INPUT DATA
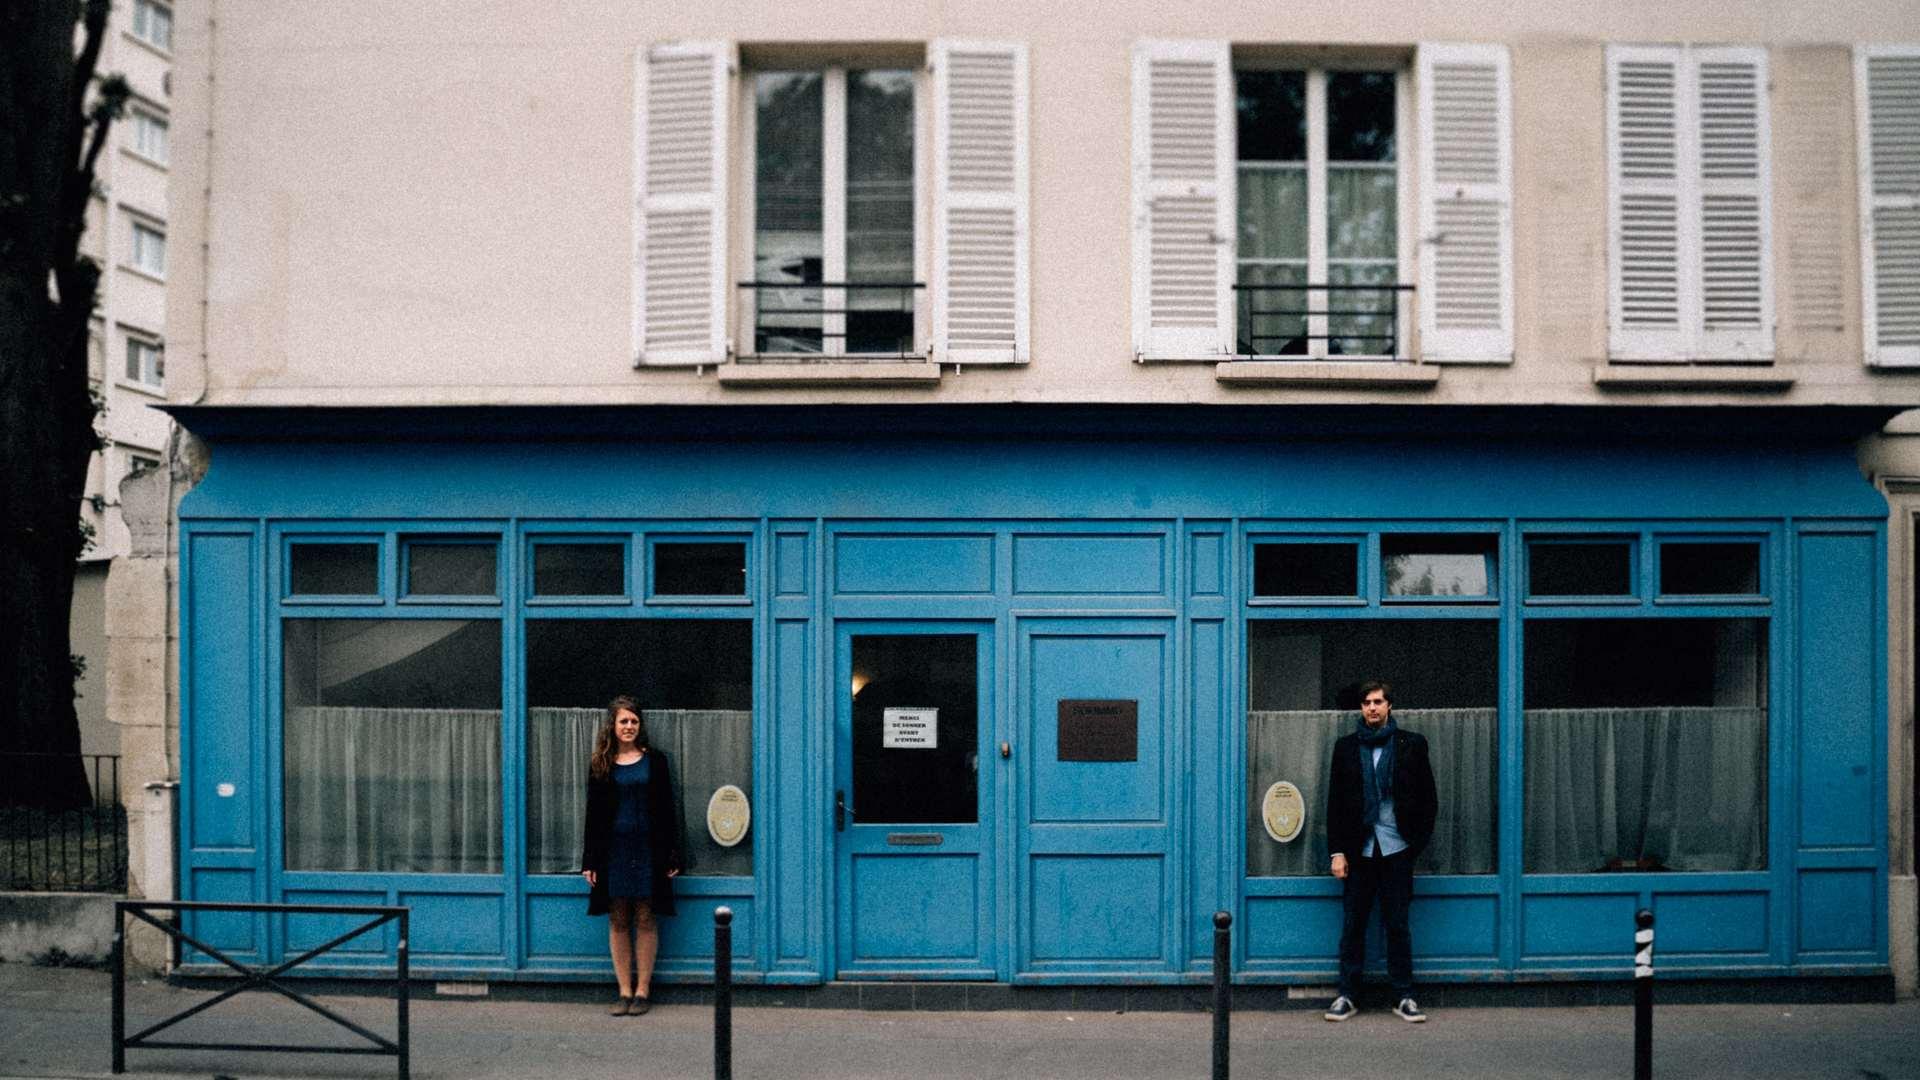 Christophe ROLAND / photographe seine et marne / photographe lifestyle / Photographe meaux / Paris / meaux / photographe mariage paris / ceremonie laique / photographe moody / la butte aux cailles
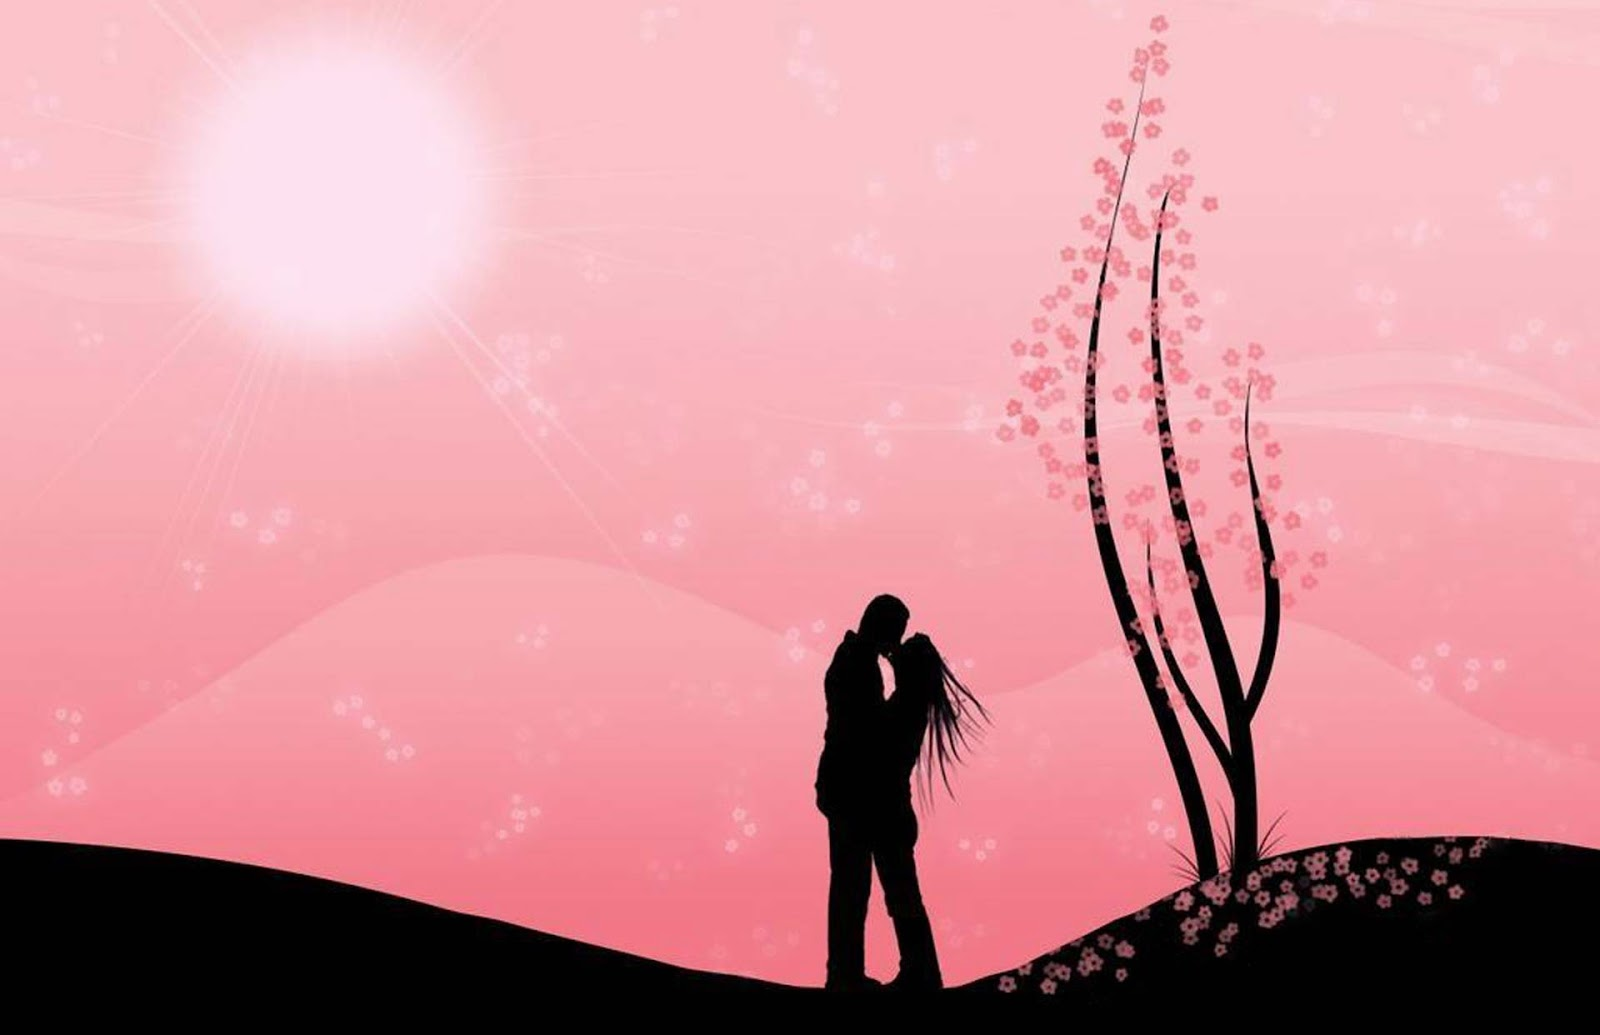 Frases de amor, feliz, unidos, pasión, tempestad, calma.
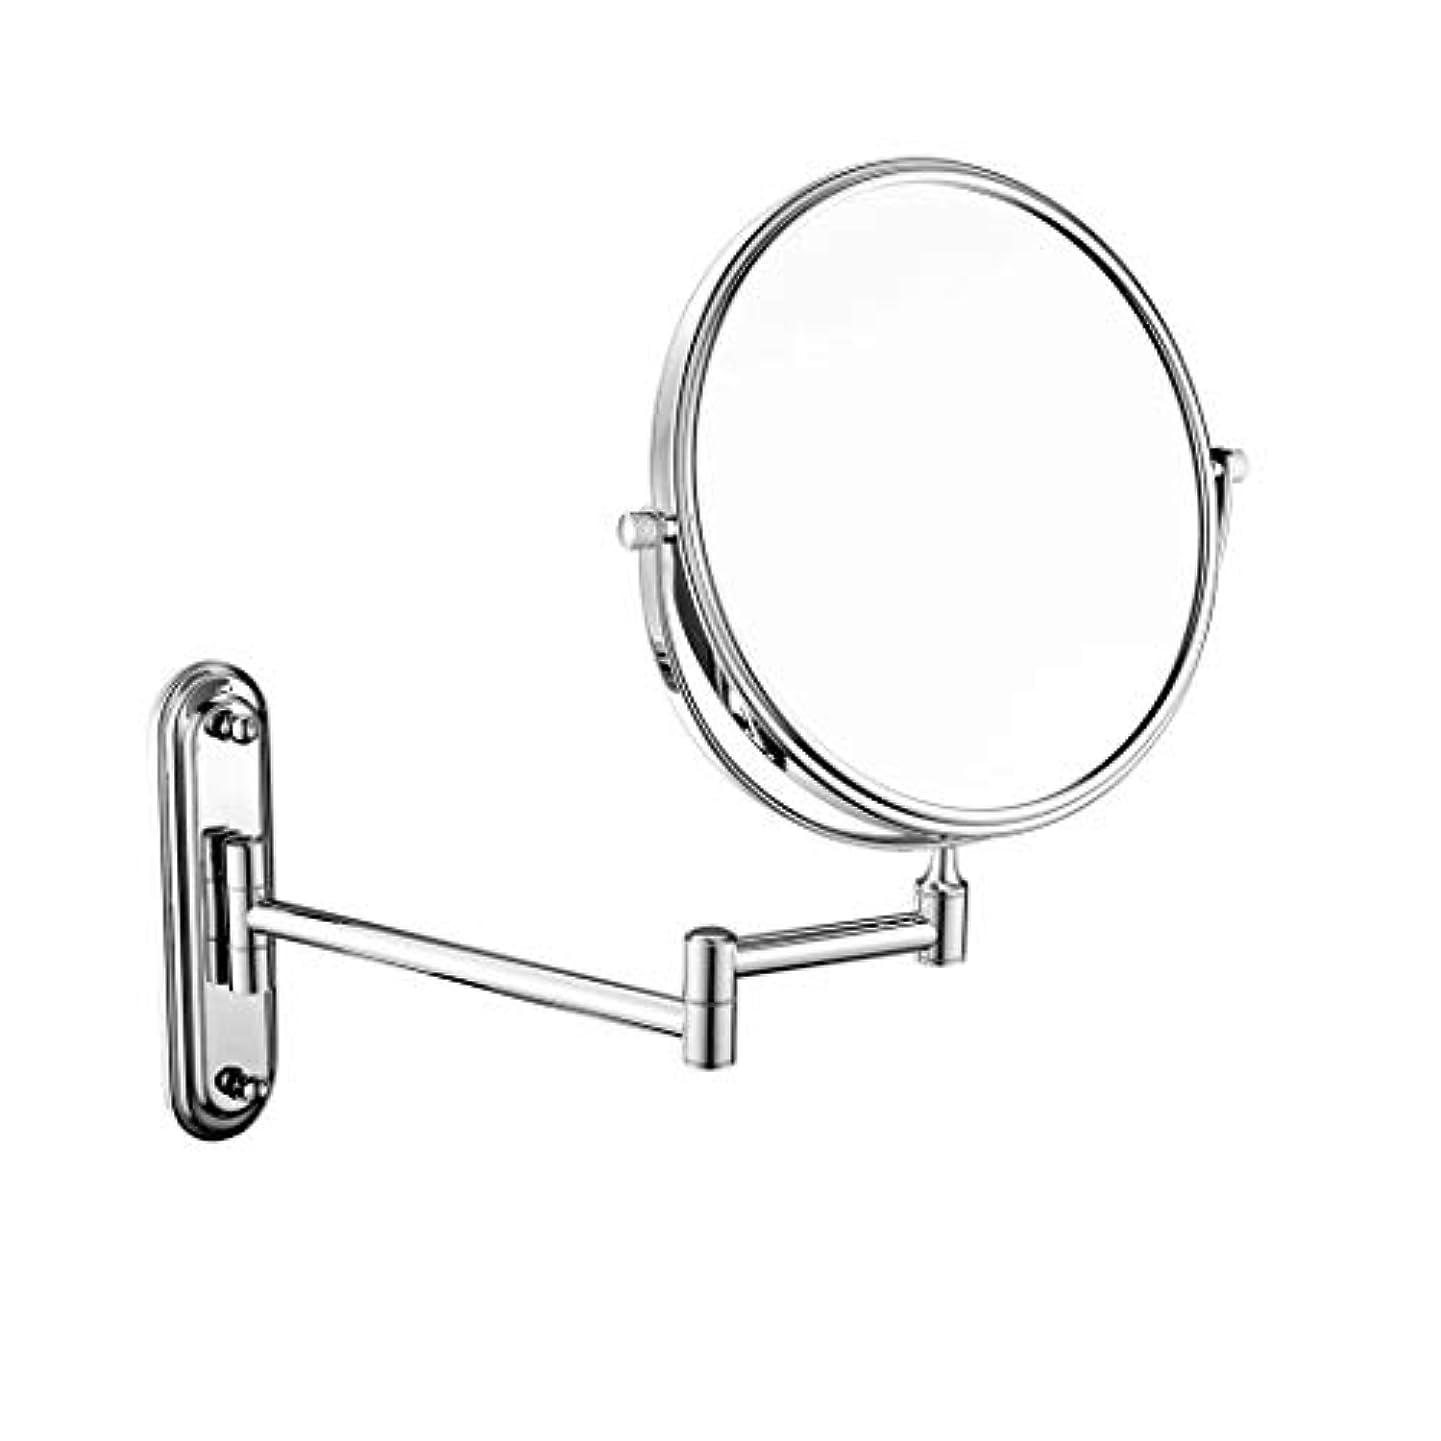 オーバーランサーキュレーションミネラル壁掛け浴室用ミラー両面化粧鏡3倍/ 5倍/ 7倍/ 10倍拡大虚栄心拡大鏡回転、お風呂、スパ、ホテル用拡張可能 (色 : Metal, サイズ さいず : 8 inch-7x)

EXERCISE
Pictures aside, the material must be written out word for word.

RESPONSE AREA
 Christophe ROLAND / photographe seine et marne / photographe lifestyle / Photographe meaux / Paris / meaux / photographe mariage paris / ceremonie laique / photographe moody / la butte aux cailles
 Frases de amor, feliz, unidos, pasión, tempestad, calma.
 オーバーランサーキュレーションミネラル壁掛け浴室用ミラー両面化粧鏡3倍/ 5倍/ 7倍/ 10倍拡大虚栄心拡大鏡回転、お風呂、スパ、ホテル用拡張可能 (色 : Metal, サイズ さいず : 8 inch-7x)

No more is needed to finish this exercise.